My wife tried that one on me as well. They do not go to motels to talk or just have a drink. I would put money on something happened. Once they are caught you get trickle truth. I would push for a lie detecor test. 

She will either start telling you more or she will blame shift


----------



## walkonmars (Aug 21, 2012)

> I had been watching my wife *due to many lies i caught her in*


 Unless she came out of that motel room with a deck of cards or a board game, I'd add her explanation of 'nothing happened' to another lie you caught her in. 

You are in shock and are willing to accept any explanation no matter how implausible it is. I understand that - you feel like a drowning man and want to grasp at any flotsam to keep from going down. 

Throw some cold water on your face and work toward real reconciliation - not a fake one - but first follow the advice above from Acabado.


----------



## smokeyj100 (Dec 10, 2012)

Sorry for the late post....
So the back story goes like this. Before we were married I hooked up with my ex and this was never dealt with until about 5 yrs into the marriage. We have had our ups and downs but nothing to the point of her sneaking around. I myself have not been completely faithful but for me it was just some **** licking not actual sex in a hotel...not that thats any better. 
Earlier in the yr we sat down a spoke cause she was ready to leave but we both agreed to work together and keep it alive. Now from what I can tell I was the only one putting in the work ( she agreed) so i started to notice her distancing herself and being more involved in her work. of course i was not listening cause i just wanted sex and not to hear her talk about ****. it wasnt till i noticed she was being a little shady on her explanations on who an where so i started to track via gps. 
I caught her in two lies, two diff locations but she was with multiple peoples so it was just odd. the week of, i could tell something was going to happen on that friday so i made plans with friends for that evening. I thought my gps was just off but when the signal went blank i freaked out and jammed to the hotel. I saw the cars, and thats when i dont remember much :-\ Of course you try and plan for this (who can) but I had no clue, ran around aimlessly and eventually ended up getting ahold of the OM stating that I had a bike accident. Her phone magically turned on and then I called her out. After much discussion she stands behind that she drank, went to the room, had no plans and the only thing was that she tried to kiss him an got sick spending the rest of the time in the bathroom until i called. she has since cut the OM out completely, tell me everything, checks in, actively makes sure I know her location and claims to have had a moment of insanity. That day she did get her prescription of Xanax & Prozac but had not taken any....I'm trying to rebuild out lives but have many bad days.


----------



## Acabado (May 13, 2012)

The motel's story is the poorer attempt at gaslighting I've ever read.
Yeah noting happened.
If it wasn't so hurtful I would be laughing my a$$.

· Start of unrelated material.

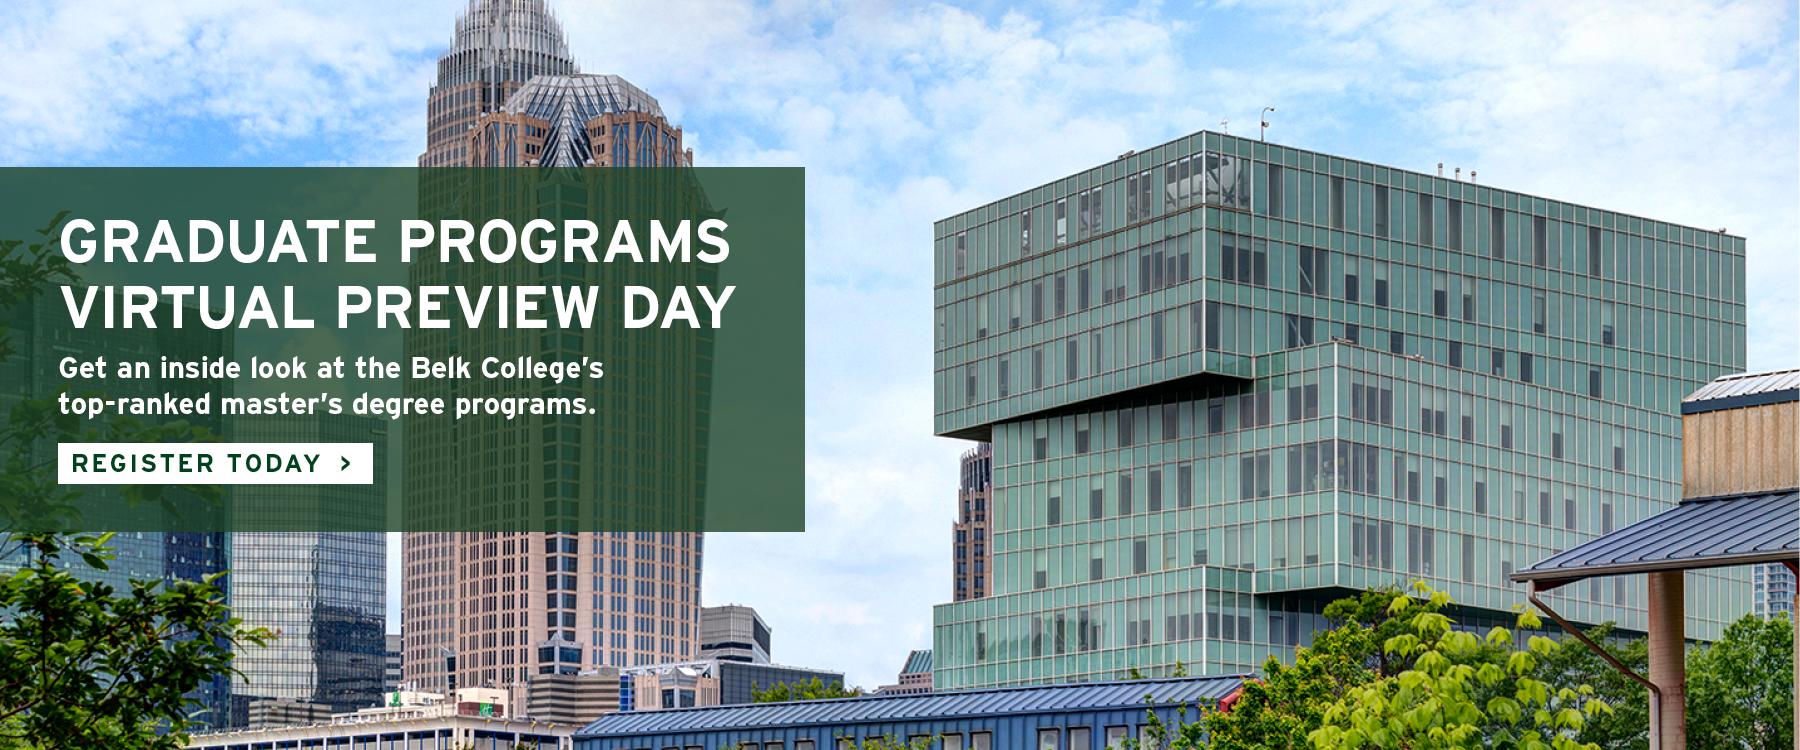 Graduate Programs Virtual Preview Days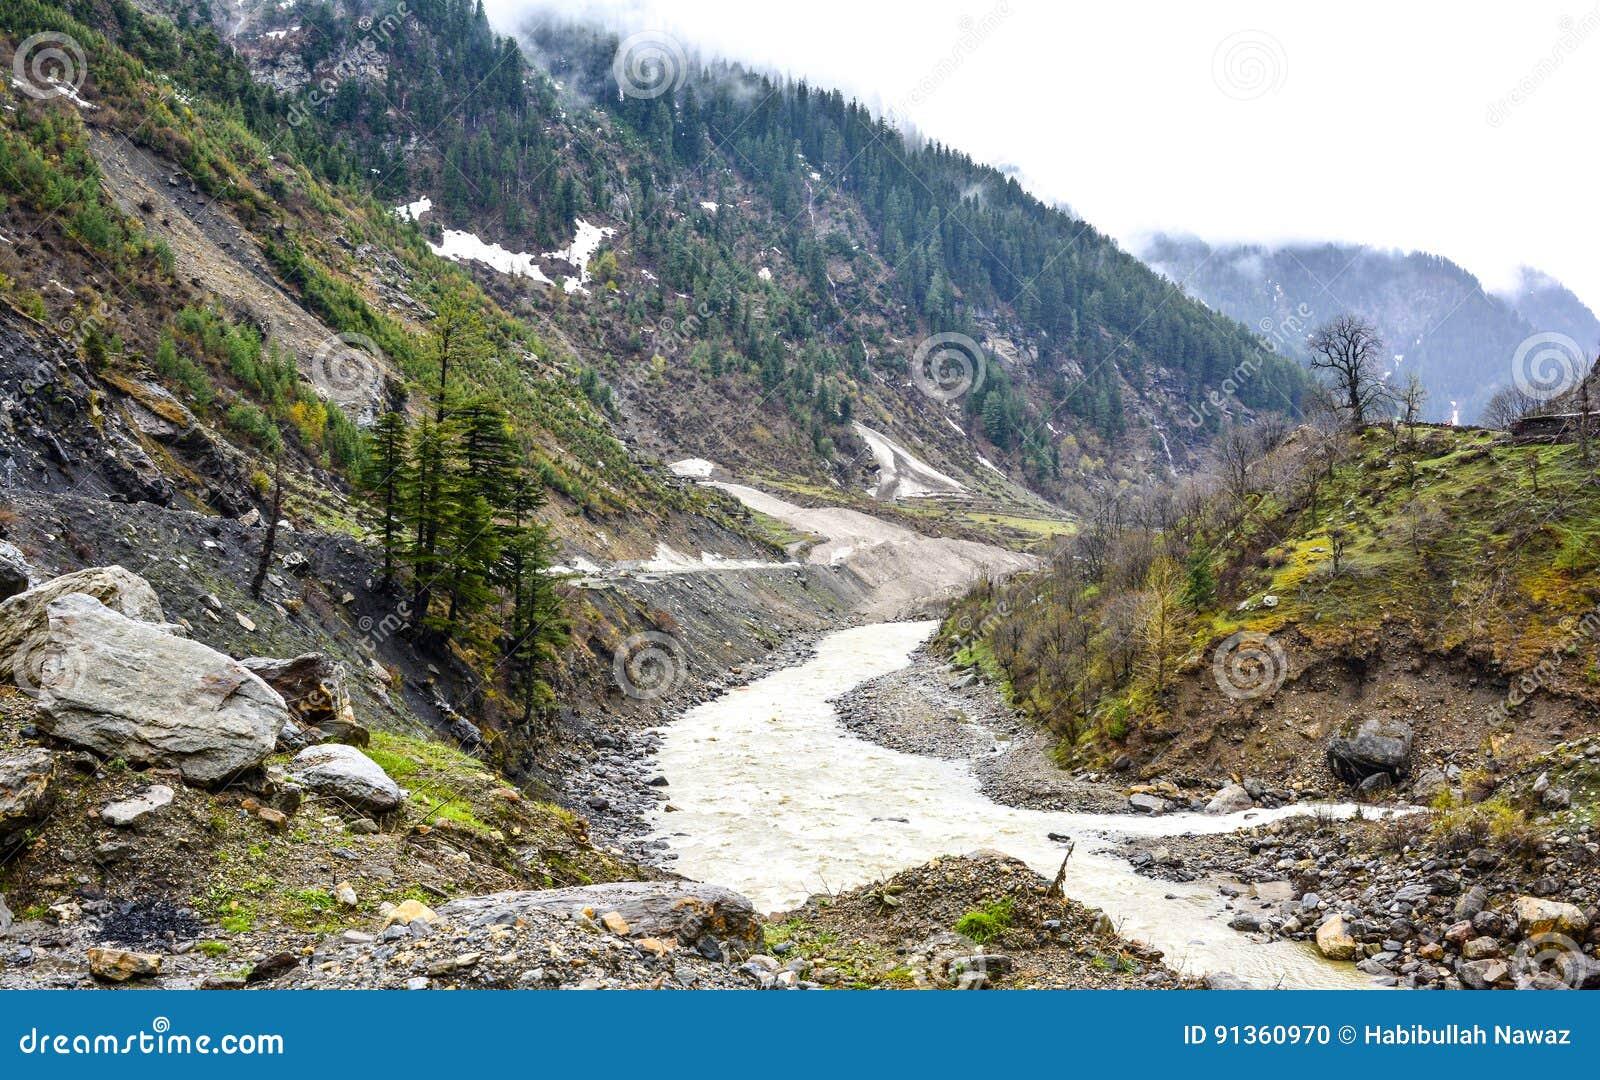 Φυσική άποψη του ποταμού & των βουνών Kunhar στην κοιλάδα Naran Kaghan, Πακιστάν

Man, if you wan't to remain married, beyond dealing with this crap you are going to put way more on the table.


----------



## Entropy3000 (May 11, 2011)

smokeyj100 said:


> Needed to get some help from someone. Quick background...16yr marriage gone stale due to me being a selfish guy not giving enough attention and not noticing. I did notice more contact with "just a friend" but caught it right on time.
> I had been watching my wife due to many lies i caught her in and when it came down to being at a motel I had it! I tried to get there to confront them but since i work a long ways I got there too late. Her phone went dark and for close to 45 minutes they both were in a locked room fueled by alcohol. I have since been told that nothing happened and there is much remorse but there is still that time that cannot be accounted for. I was able to get them before anymore could happen but only they can say that....
> We both have been under immense stress and I can't really fault her but I am torn up thinking something happened. I have agreed to keep together but still get gut wrenching thoughts of may have been........i guess i just restart the trust?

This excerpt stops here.